◆ **Task brief**
Go to the line that contains "Portfolio: Constellations: A" and transcribe from there to the end of the entries, that line and the last one included.

◆ **Excerpted data**
*****

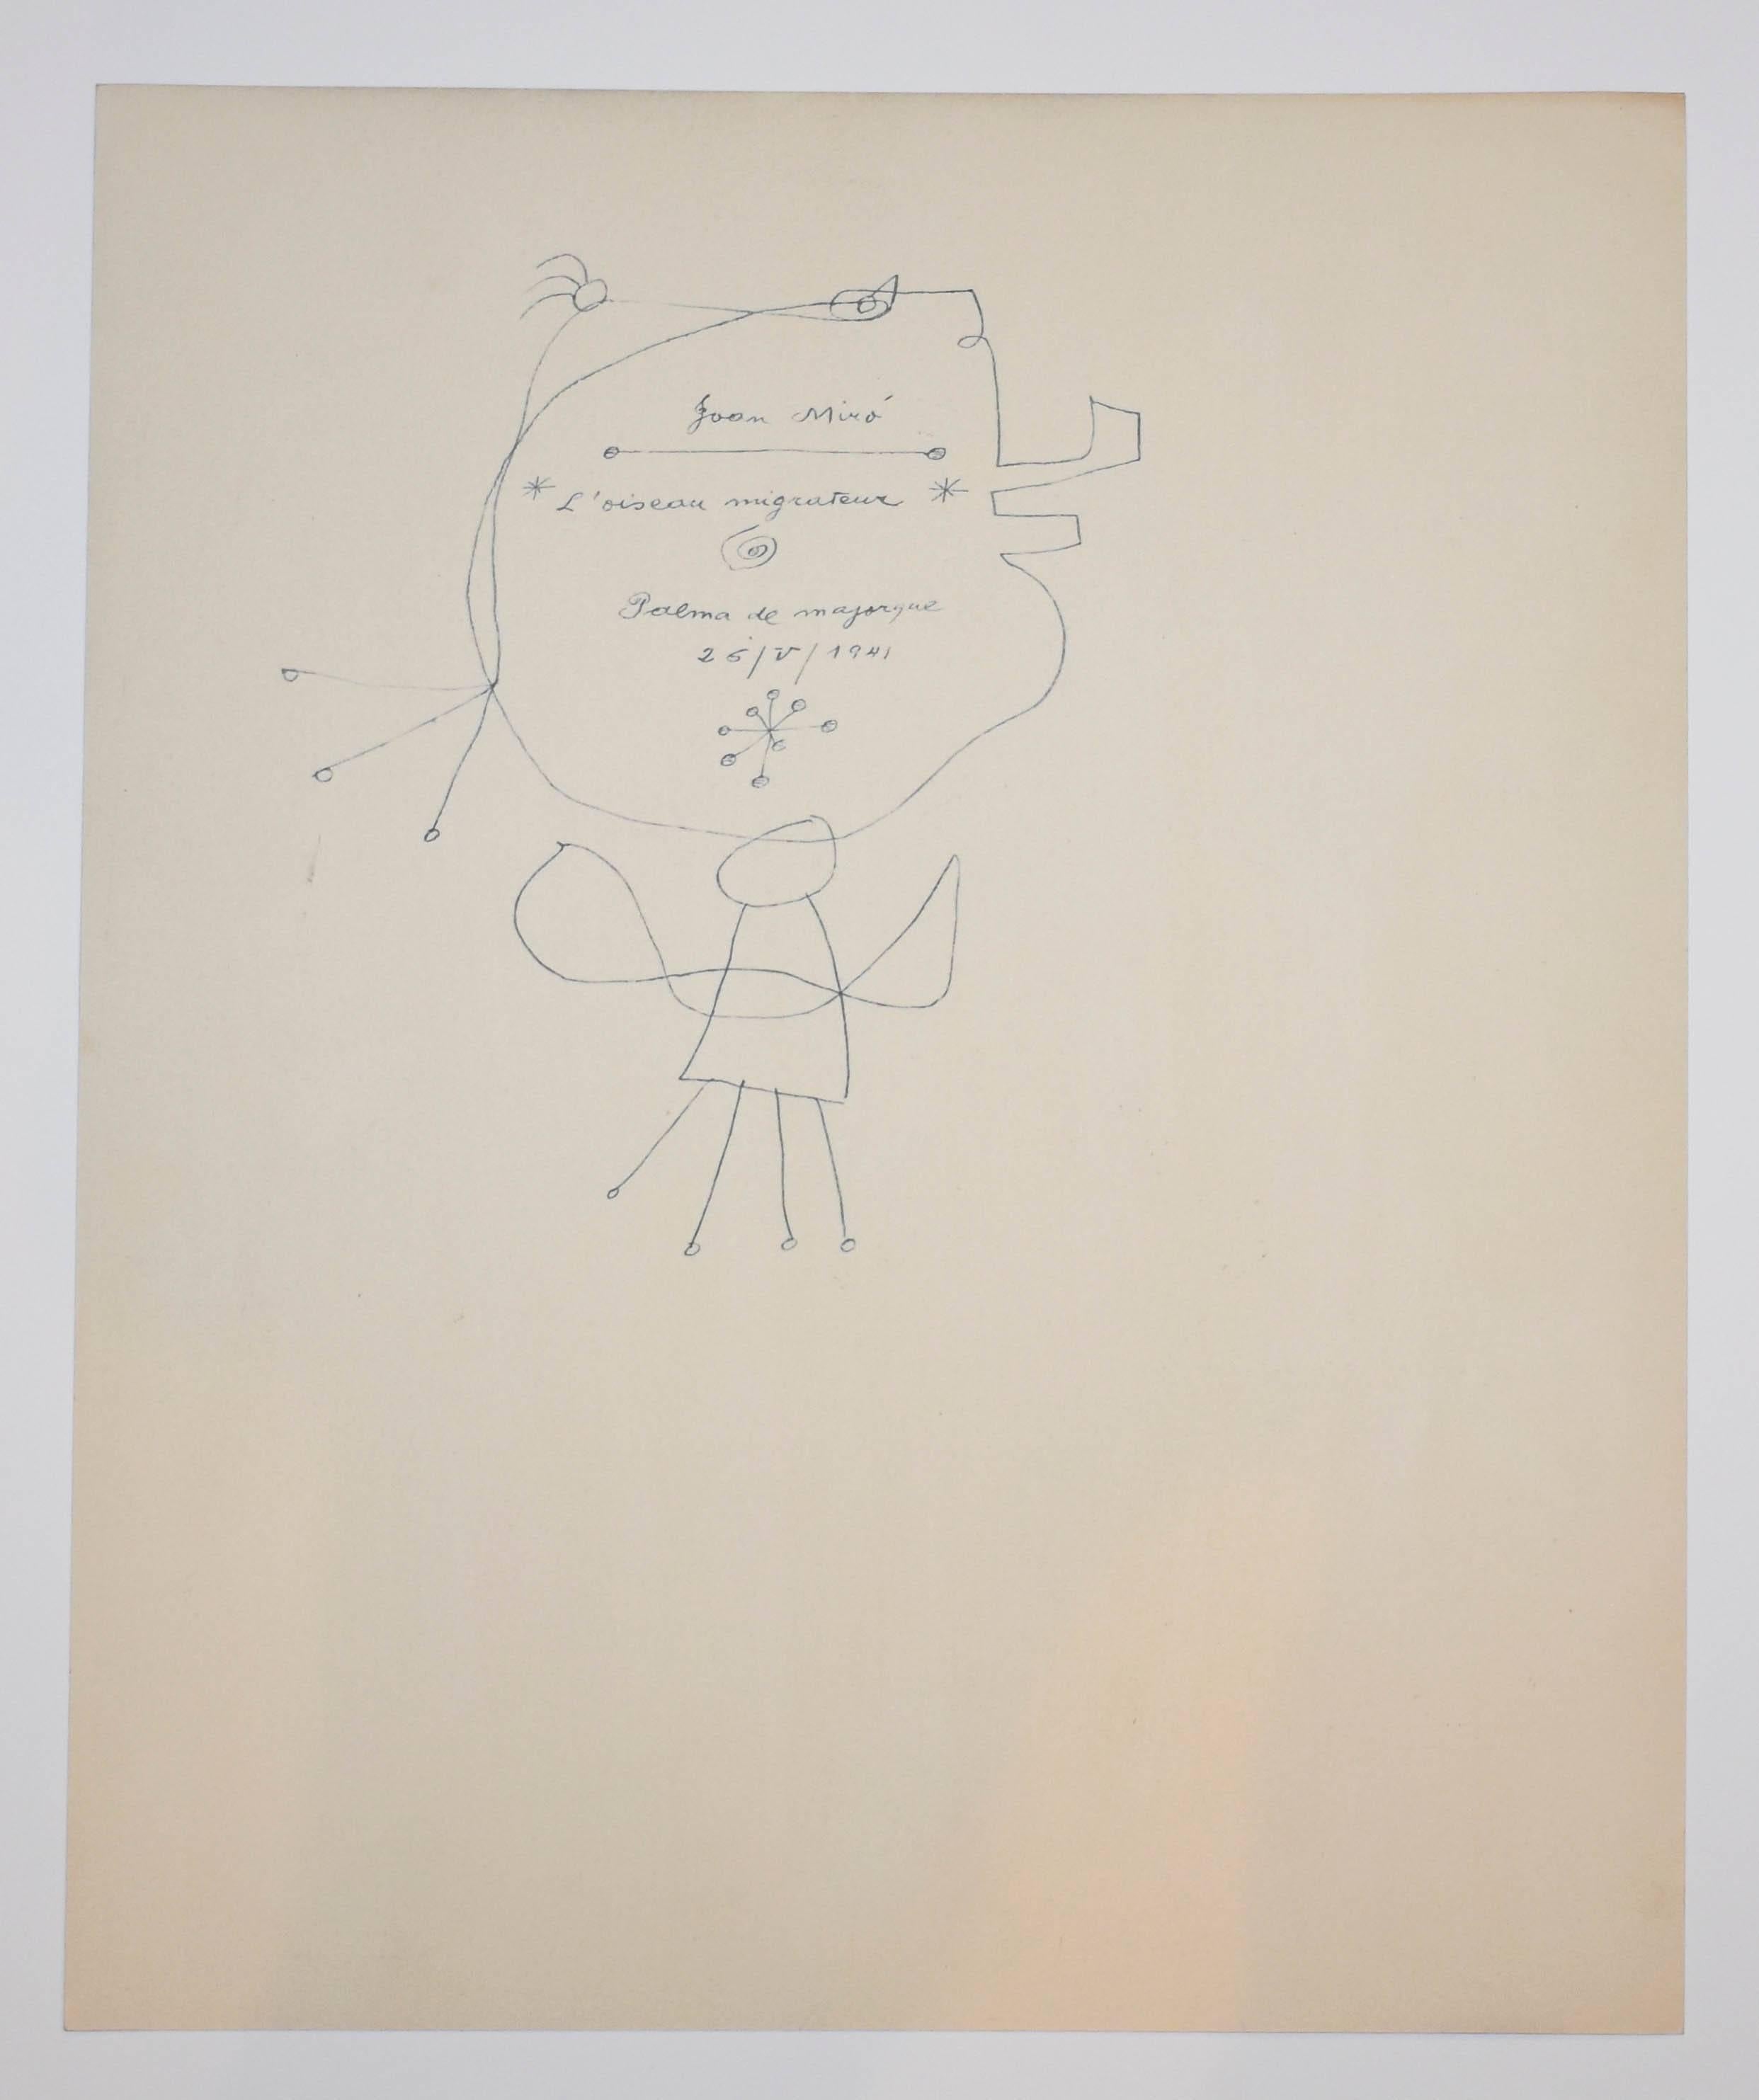 Artist: Joan Miro (after)
Medium: Pochoir
Title: L'oiseau migrateur (The Migratory Bird), Plate XVIII
Portfolio: Constellations: A Suite of Twenty-Two Pochoirs
Year: 1959
Edition: 104/350
Image Size: 14 x 17 inches (35.6 x 43.2 cm)
Sheet Size: 14 x

*****

◆ **Response to the task**
Portfolio: Constellations: A Suite of Twenty-Two Pochoirs
Year: 1959
Edition: 104/350
Image Size: 14 x 17 inches (35.6 x 43.2 cm)
Sheet Size: 14 x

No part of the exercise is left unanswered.